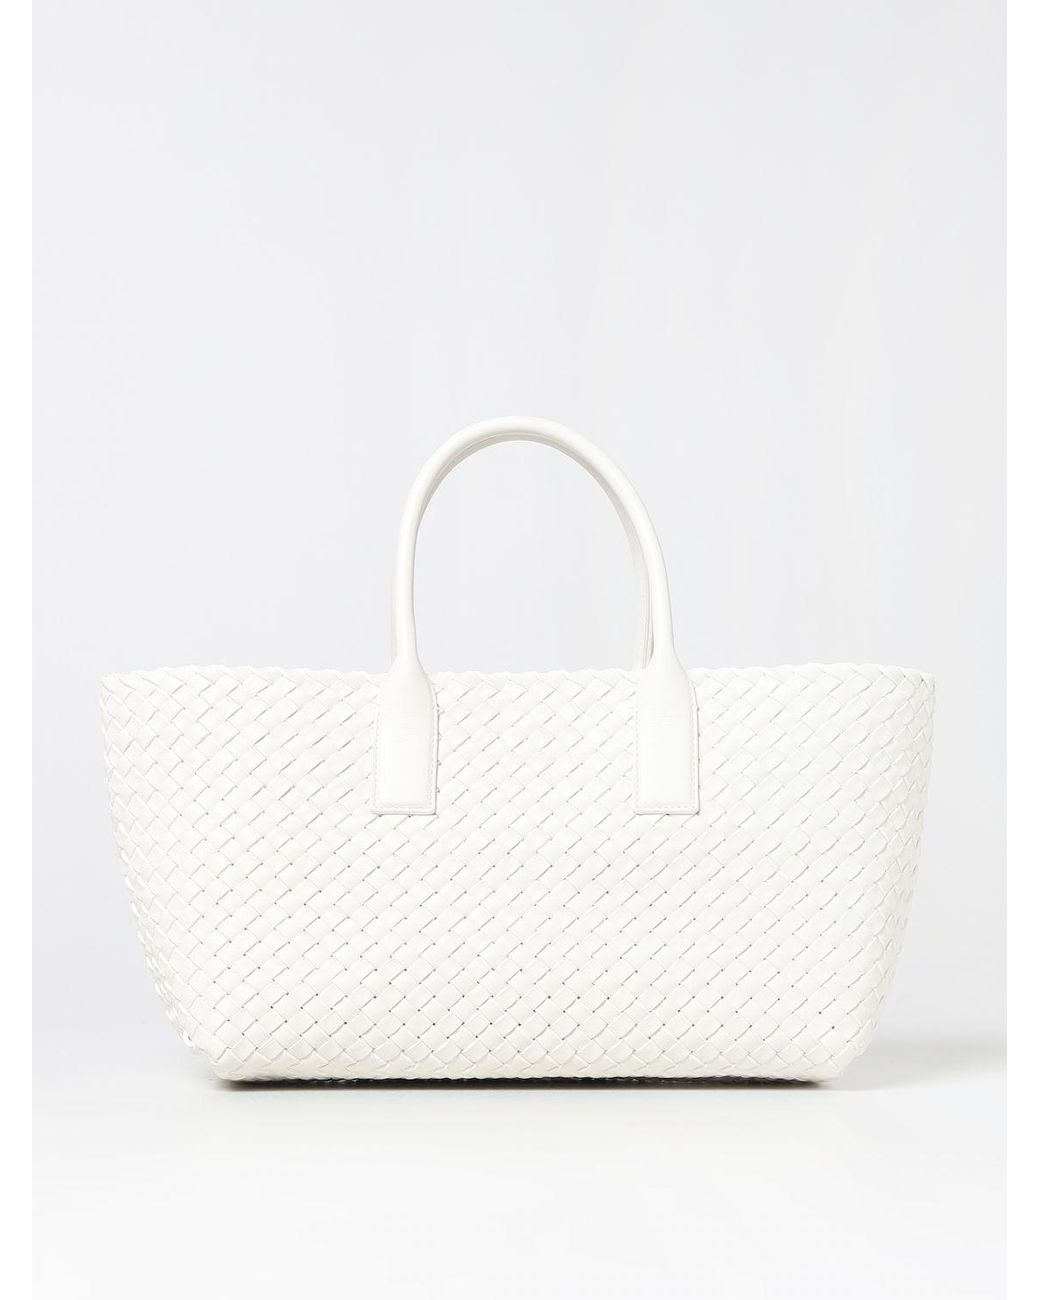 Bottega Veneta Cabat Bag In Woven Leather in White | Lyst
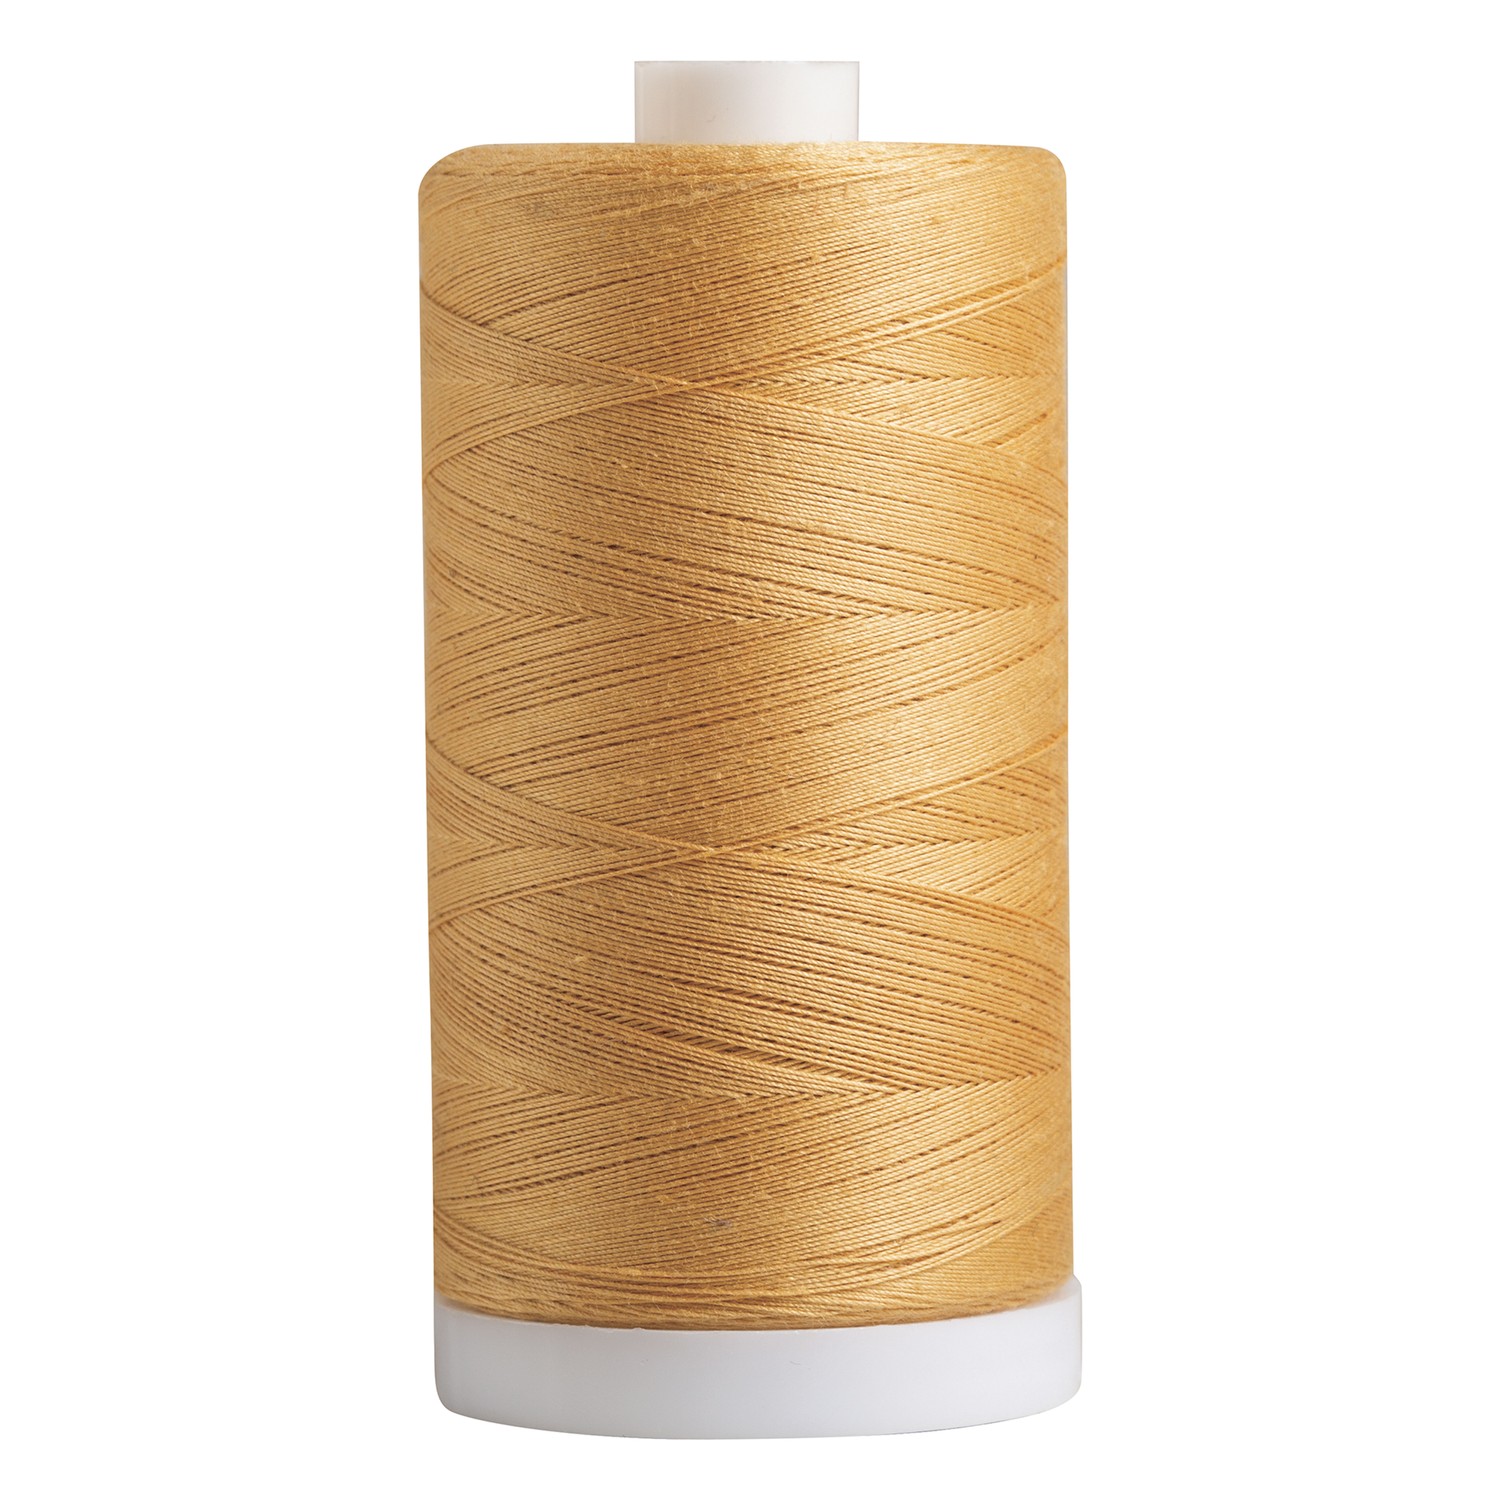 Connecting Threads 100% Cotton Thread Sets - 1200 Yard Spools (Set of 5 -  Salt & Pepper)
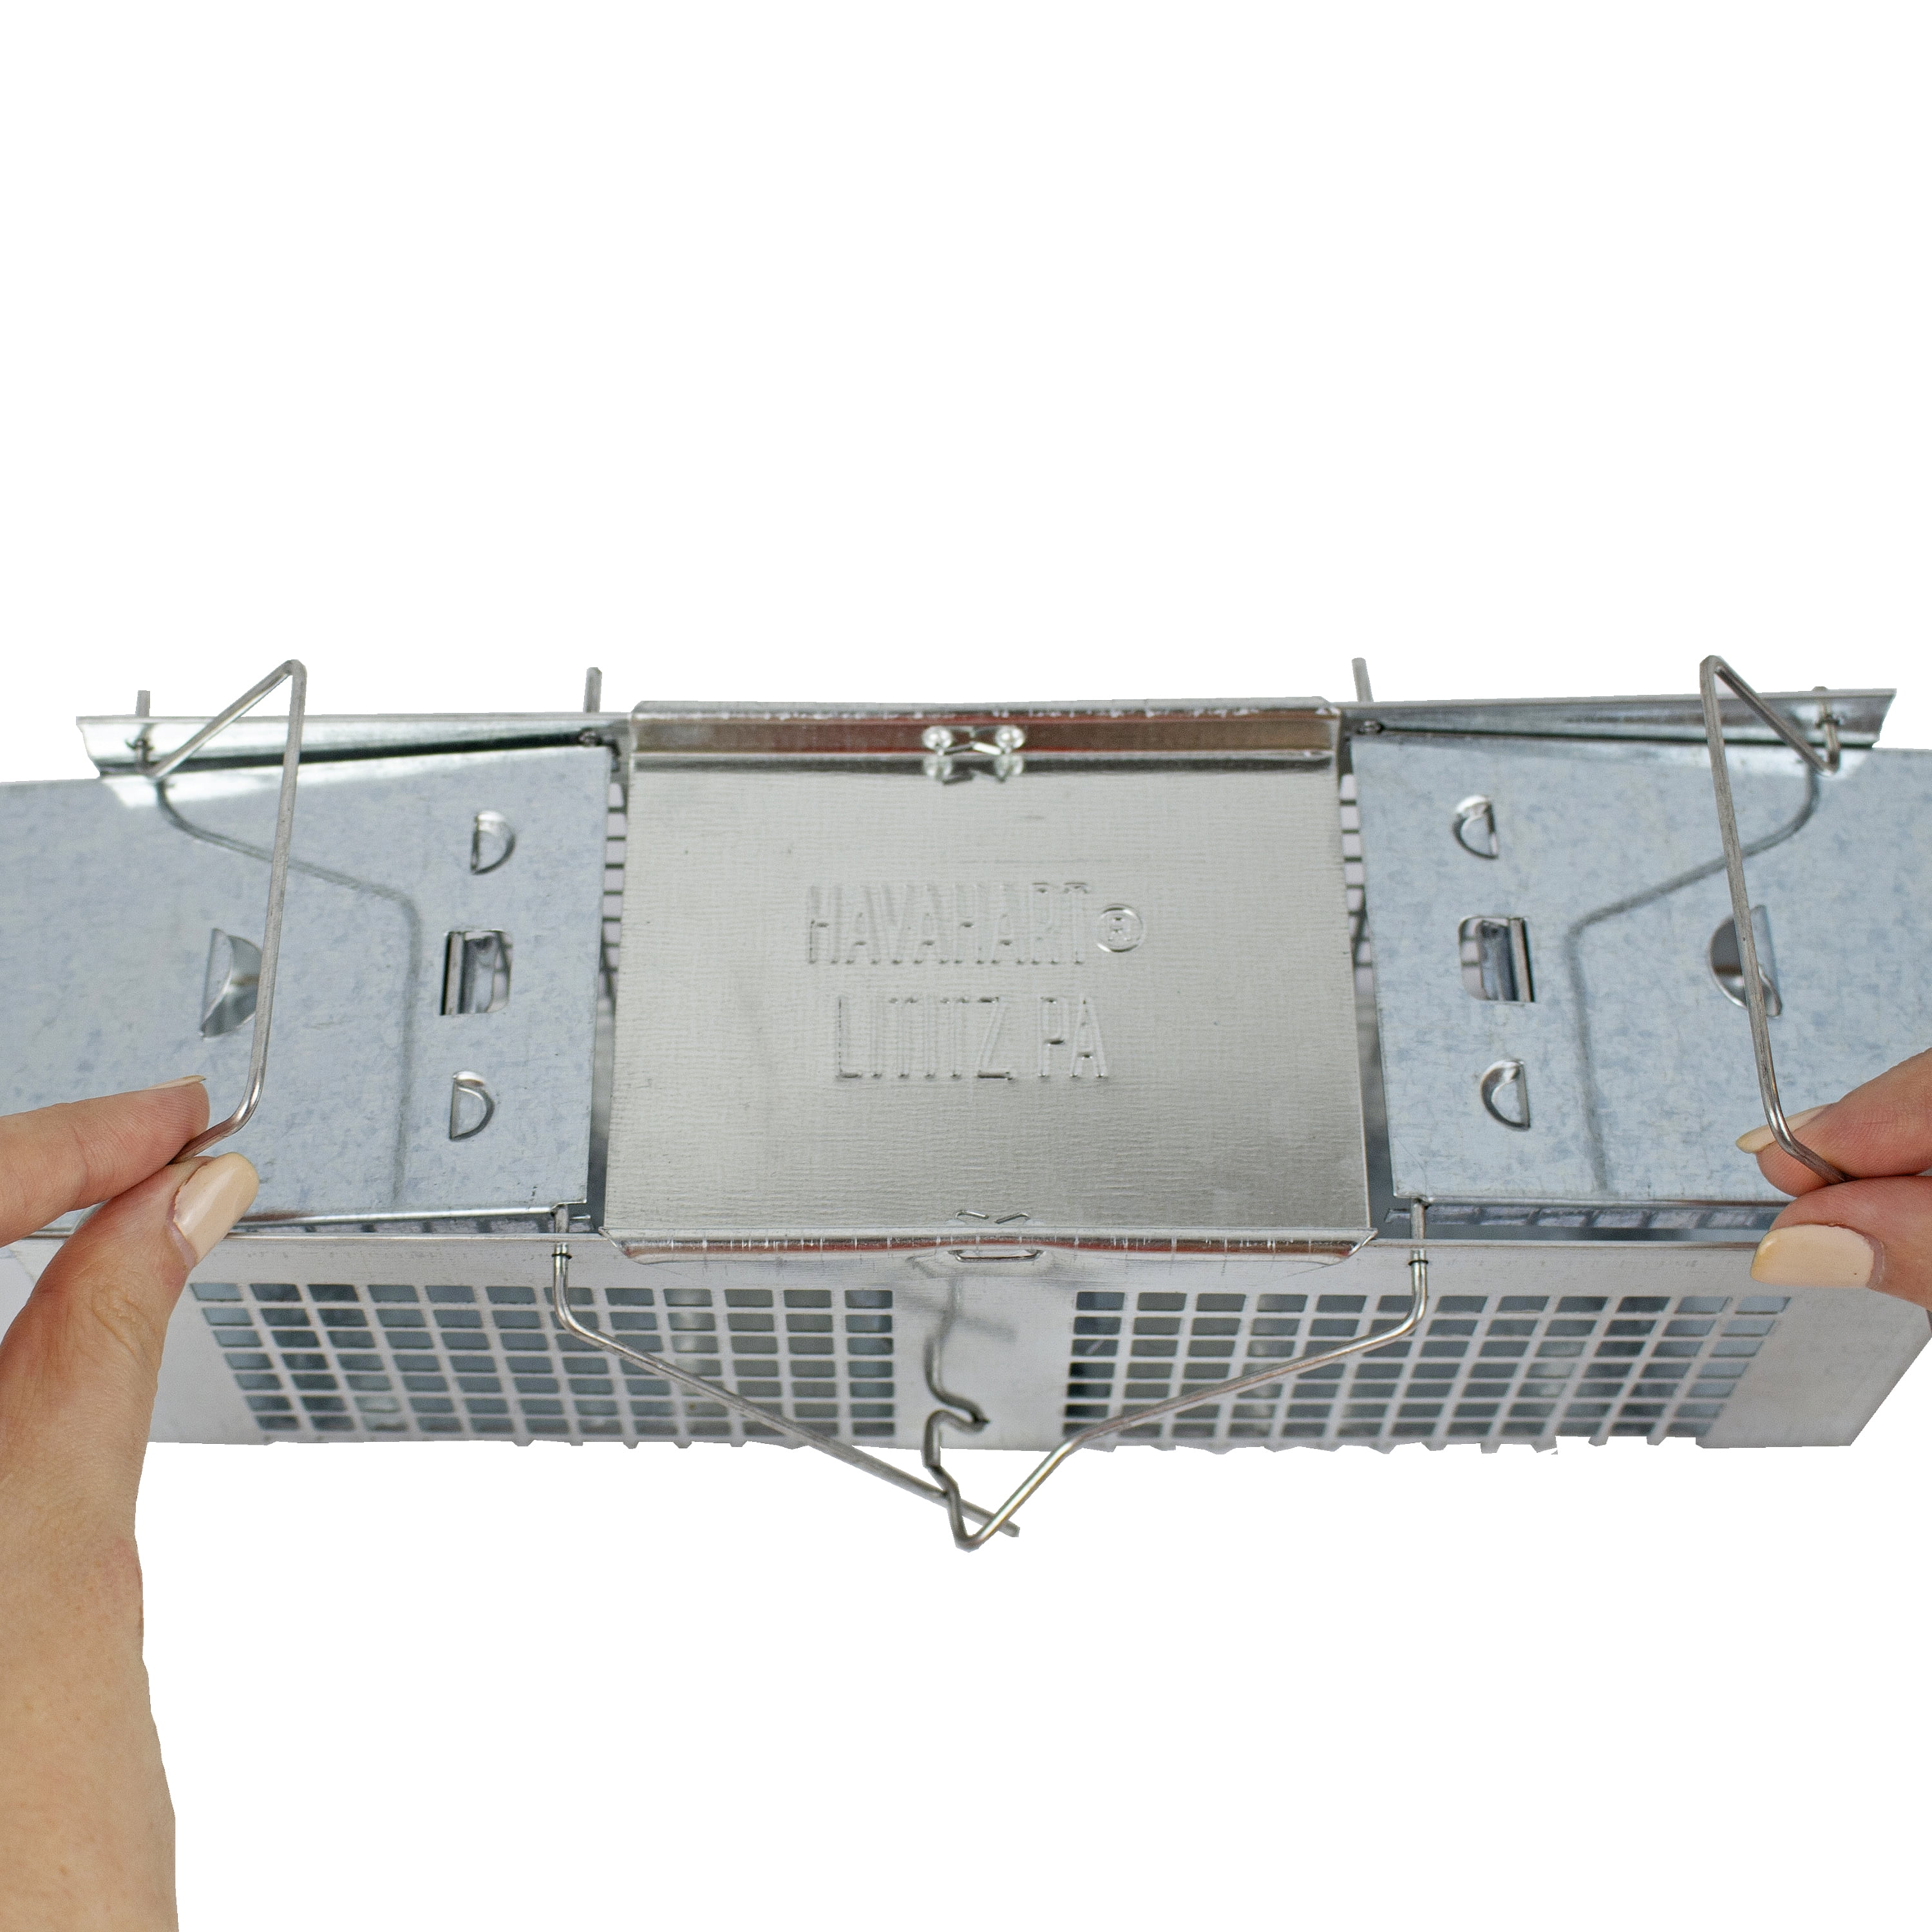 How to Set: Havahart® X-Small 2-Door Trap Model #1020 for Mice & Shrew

▸ ACTION ITEM
None of the pictures should be reproduced; all other material above must be set down exactly.

▸ RESPONSE BELOW
 Bottega Veneta Cabat Bag In Woven Leather in White | Lyst
 Connecting Threads 100% Cotton Thread Sets - 1200 Yard Spools (Set of 5 -  Salt & Pepper)
 How to Set: Havahart® X-Small 2-Door Trap Model #1020 for Mice & Shrew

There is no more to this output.